その後、点数が表示されると……まあ……お察しの通りだった。
「うぅ……」
「気にするなさな。とてもきれいな歌声だったぞ」
「あ、ありがとうございます。でも点数が……」
「点数など気にするな。俺にとっては、さなの美い歌声を聞けただけで大満足だし、一生懸命歌っているさなの姿がとてもかわいらしくてさらに大満足……」
「わ、わかりました! わかりましたから!」
落ち込むさなを励ますつもりで、さなの歌がどれだけ素晴らしいかを語ろうと思ったのだが、さな本人に止められてしまった。
先ほど録画した、『緊張ぎみに歌っているさな』の動画を見せながら素晴らしさを教えようと思ったのだが。
慌てるさなは、画面を見て「あっ」と声を漏らした。
「ほ、ほら! 次は真尾くんですよ!」
「ん、そうか」
「おー、真尾の歌か。すげー興味ある」
「あ、ボクも」
一応俺も歌を入れておいていた。早くも俺の番か。
これまでは、鍵沼にカラオケに誘われても、断ってきた。だからさなやあいだけでなく、鍵沼も俺の歌を聞くのは、初めてだ。

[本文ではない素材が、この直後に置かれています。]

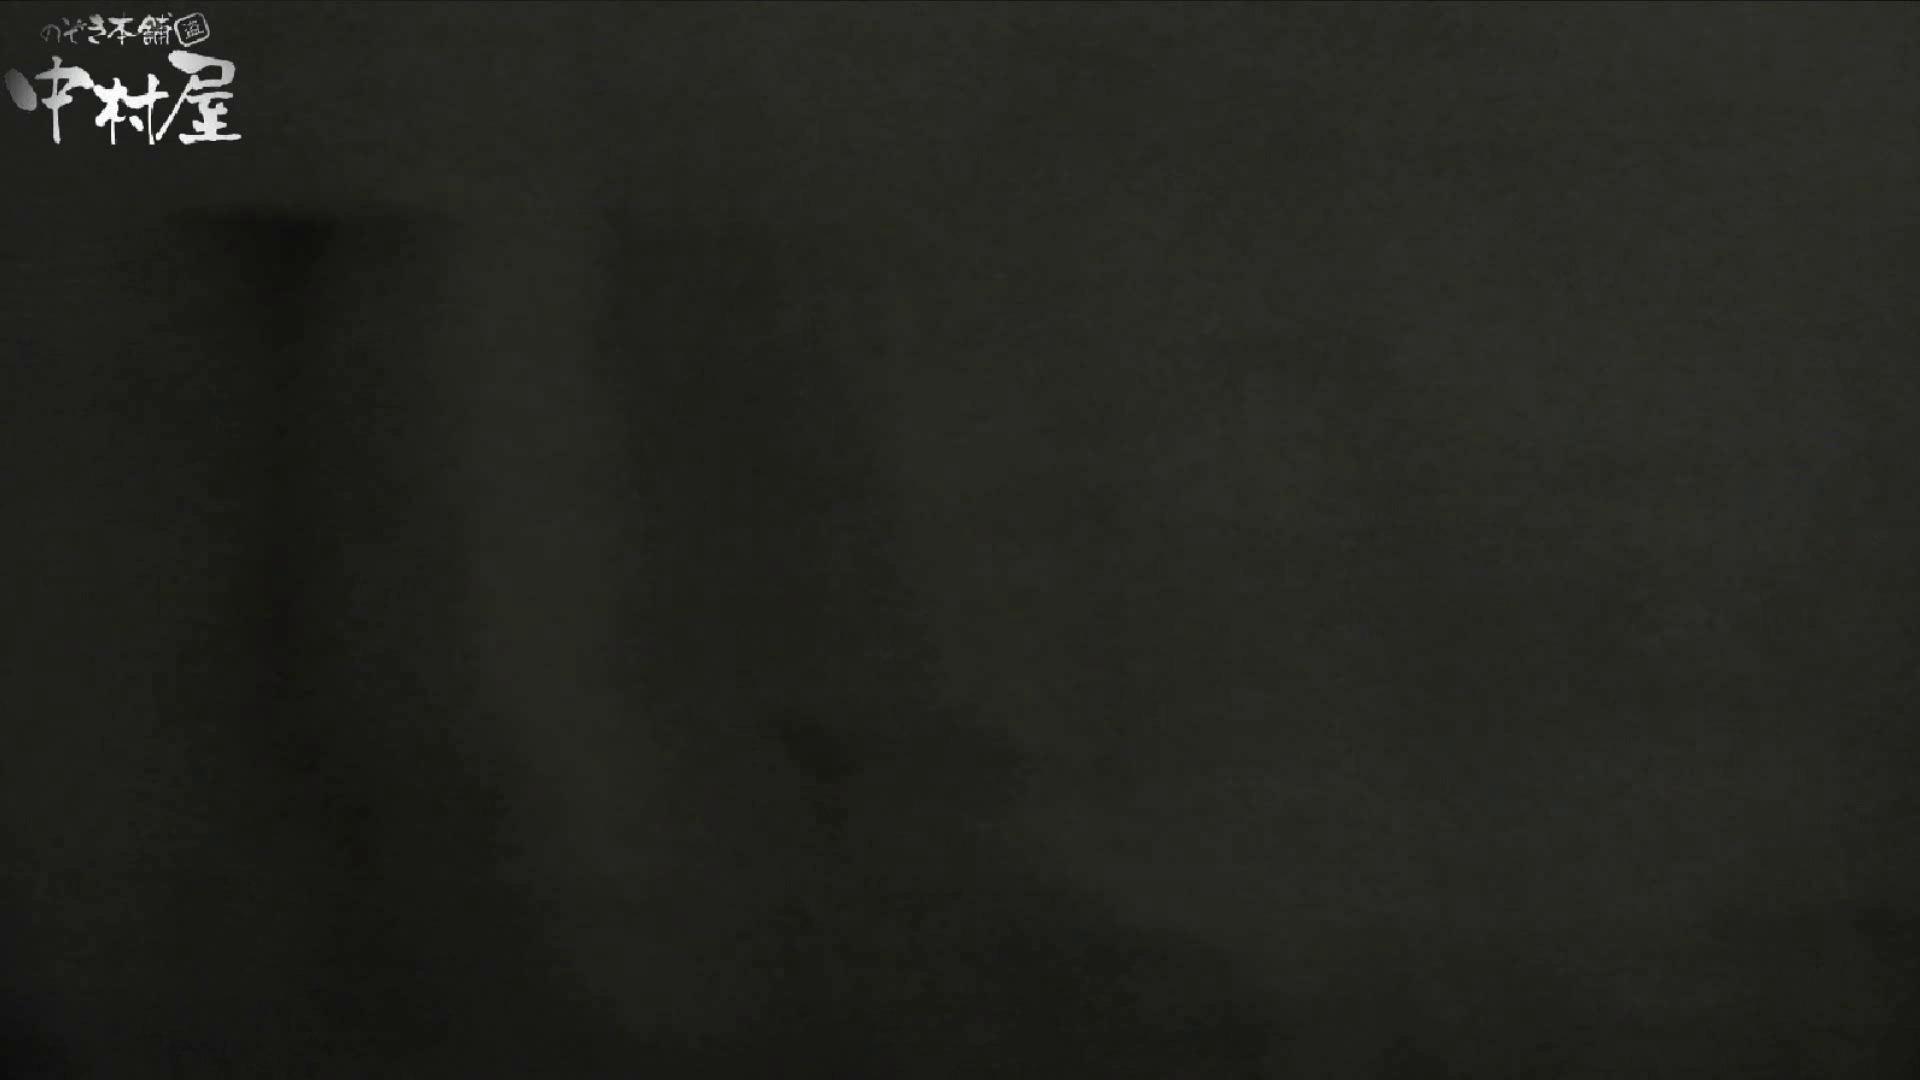 vol.25 命がけ潜伏洗面所! 咥えタオルは剛毛の証!? プライベート アダルト動画キャプチャ 72pic 63
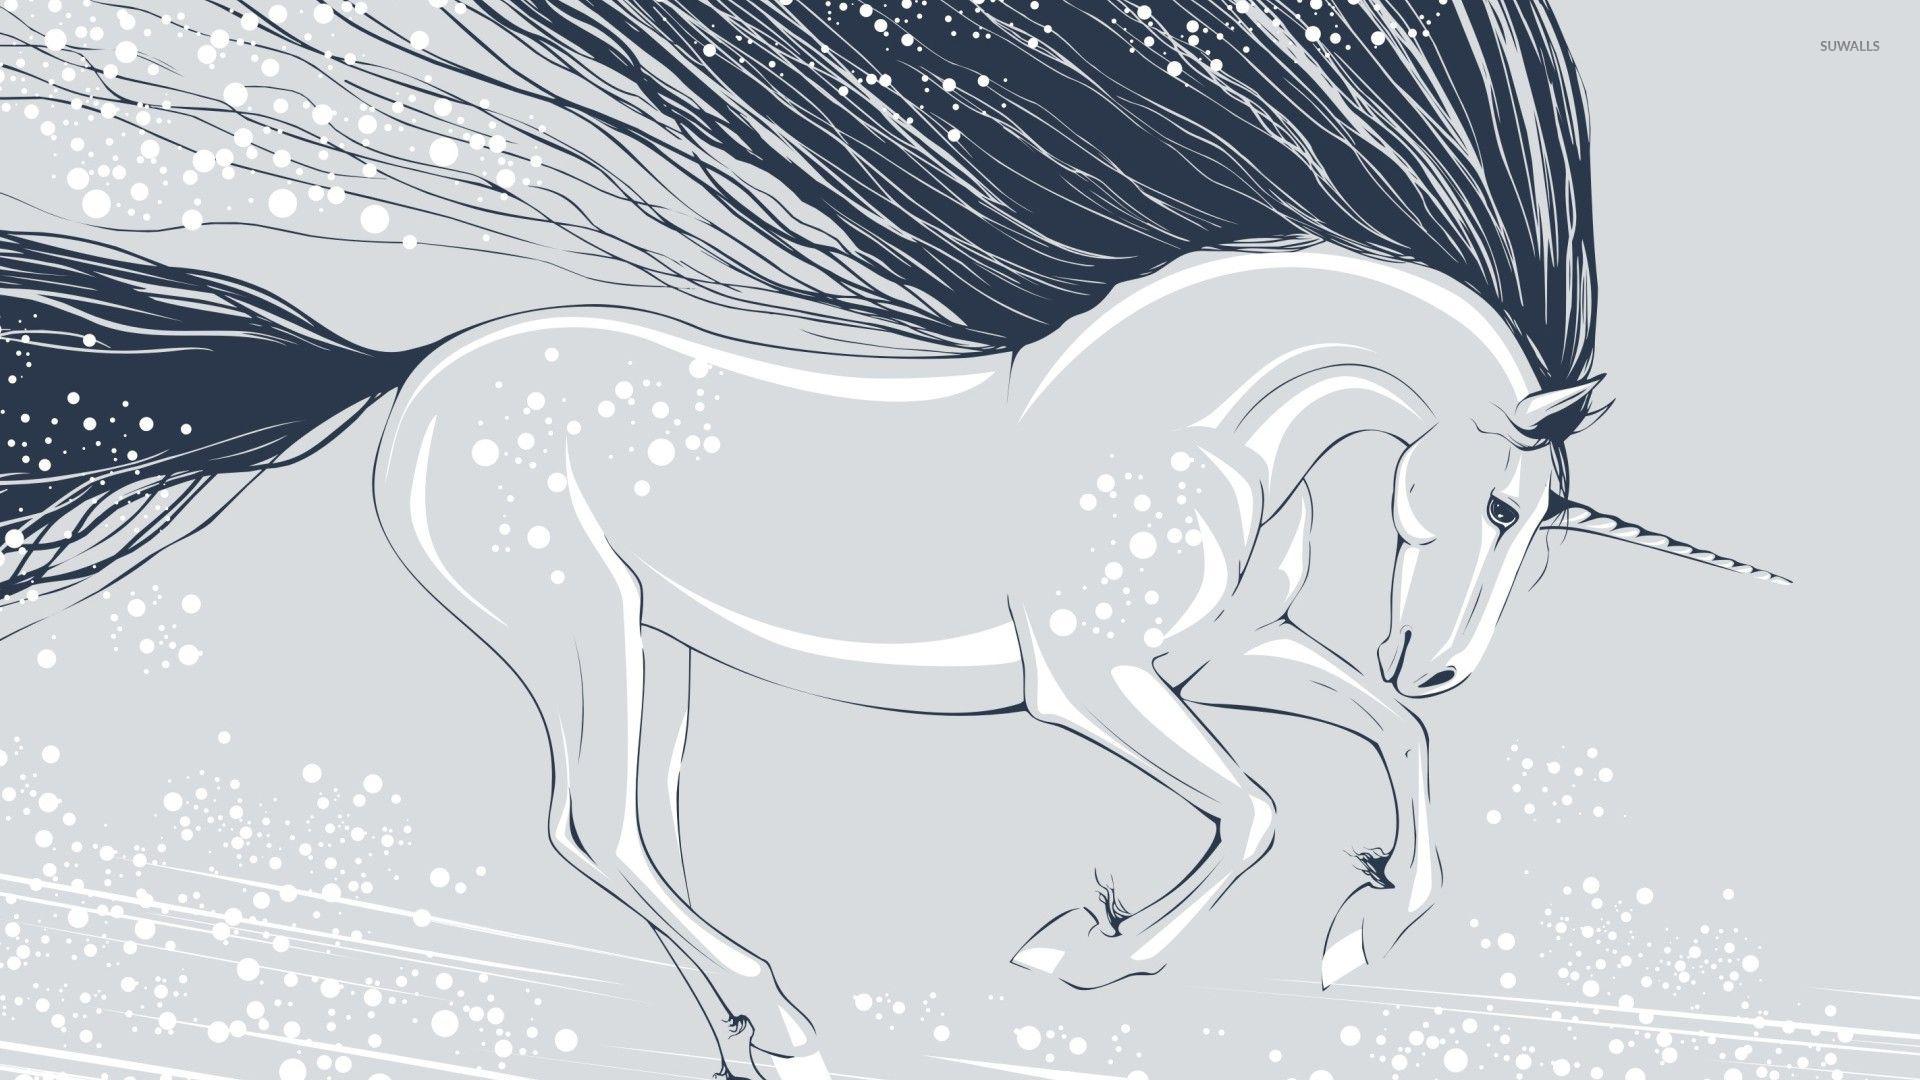 Good Wallpaper Halloween Unicorn - unicorn-22074-1920x1080  Collection_871492.jpg

人前で歌うのは、初めて……だな。というかこの世界に来て、歌というものにあまり関心を抱いたことがない。もちろんいい歌だなどと感じることはあるが。
それでも、なんとか知っている歌を入れた。これなら、歌えるはずだ。
最近流行りの、アニメソング。あまりに推しているためか、最近はテレビをつければこればかり流れている、と思えるほどだ。
俺が知っているんだ、さなたちも知っていることだろう。
あとは……あいのようにうまくなくても、さなや鍵沼のよう楽しんで歌うこと。
「……すぅ」
流れ始める前奏、表示される歌詞……マイクを握り、リズムを取って、深呼吸。
そして……歌った。
「……」
我ながら、夢中になってしまった。だが、なんとか歌い切ることができた。
さて、みんなの評価は、どのようなものだろうか。そう思って、みんなの様子を見る。
「……」
「……」
「……」
なぜか三人とも、俺とは視線を合わせず、気まずそうにしていた。